2-Stage column — compact retracted height, ideal for standard desk frames.
3-Stage column — wider height range in a shorter retracted length.
2-Stage variant with increased load capacity for heavy workstations.
3-Stage, high-stroke column for medical and industrial applications.
Special 3-stage variant designed for integrated and embedded mounting configurations.
Compact 2-stage column — optimized for TV lift stands and low-profile furniture.
The full product catalog is available at the Lifting Columns product page. Dewert Okin also manufactures complete Standing Desk Frames and Electric Lift TV Stands that integrate these columns as factory-assembled systems.
Safety is not an afterthought in motorized furniture — it is an engineering discipline in its own right. Dewert Okin addresses both mechanical and electronic safety through multiple concurrent strategies:
When a lifting column encounters unexpected resistance — a child's hand, a chair arm, a trailing cable — the current drawn by the DC motor spikes sharply. The control unit monitors current consumption in real time. If current exceeds a threshold relative to the expected load profile, the control unit halts movement and executes a brief reverse stroke to relieve the obstruction. This current-sensing anti-collision mechanism requires no external mechanical sensors and is inherently fail-safe.
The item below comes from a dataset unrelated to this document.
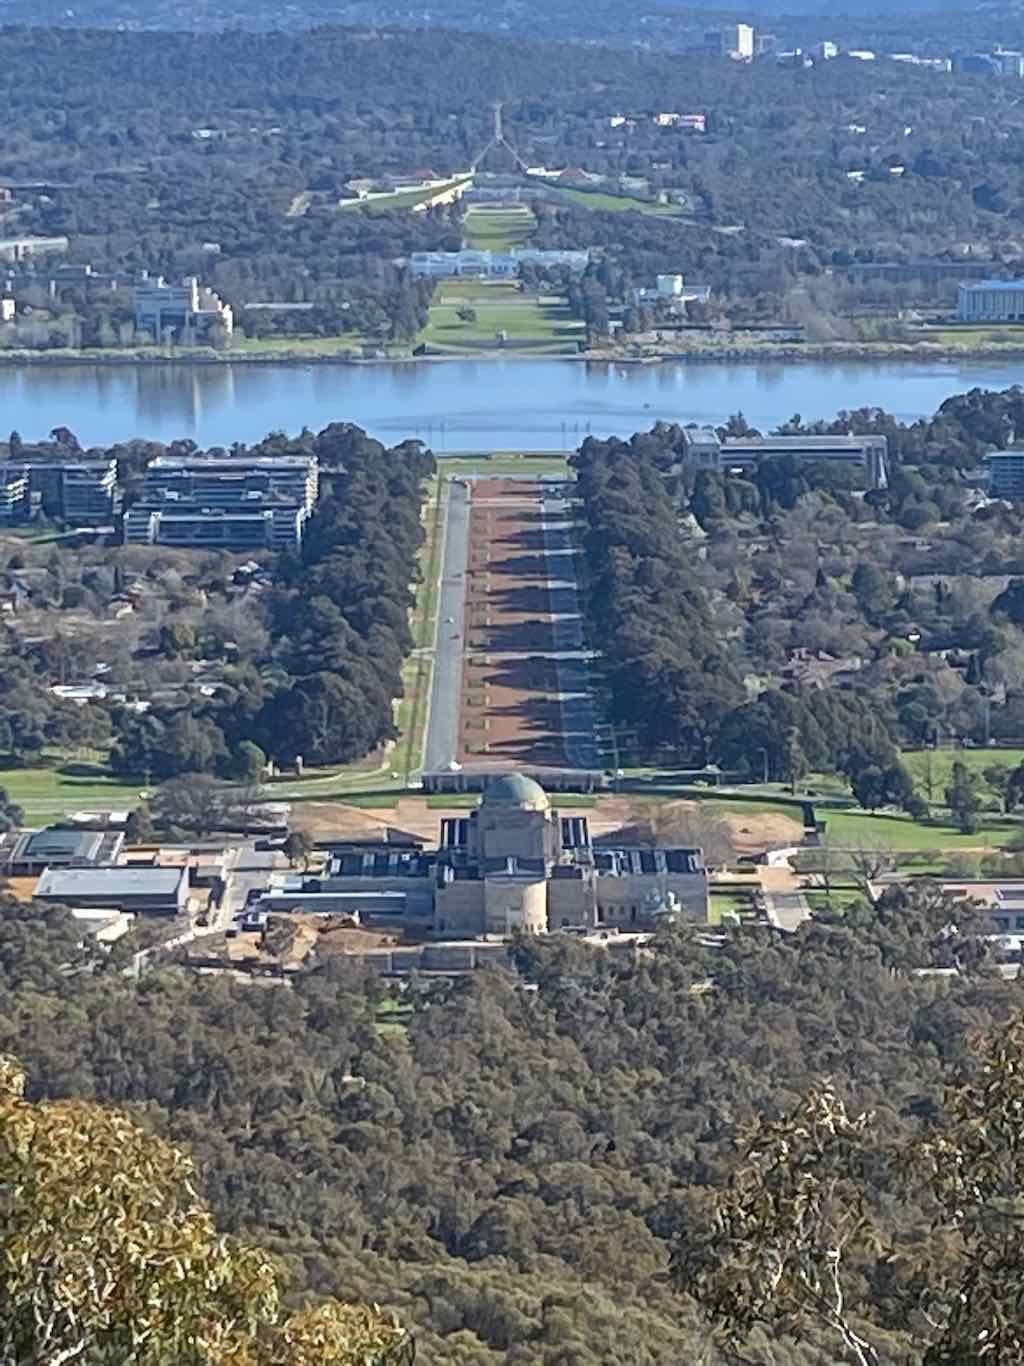 Australian War Memorial - Canberra Image -632d01f72c18e

Both the fully extended and fully retracted positions are protected by mechanical hard stops reinforced by electronic end-of-stroke detection. The system uses Hall-effect pulse counting to track absolute position continuously. When the column approaches a limit, movement speed is reduced and then halted — preventing mechanical damage to the tube assembly.
Dewert Okin's hole-free, rounded motor box design reflects a commitment to passive safety. Sharp corners and exposed fastener recesses on the base of lifting columns can cause laceration injuries during accidental contact while the desk is in motion. The smooth, radius-edged motor enclosure eliminates these hazard points, making it especially relevant for home-office environments where children may be present.
A complete desk frame typically uses two lifting columns. Without active synchronization, even small speed differences between columns accumulate into a tilt angle on the desk surface — stressing the frame, misaligning the cross-beam, and eventually causing structural fatigue. Dewert Okin's Control Units and Handsets implement closed-loop synchronization: Hall-effect feedback from each column is compared in real time, and the slower column is briefly accelerated (or the faster one throttled) to maintain a tilt angle below 2mm across the full stroke.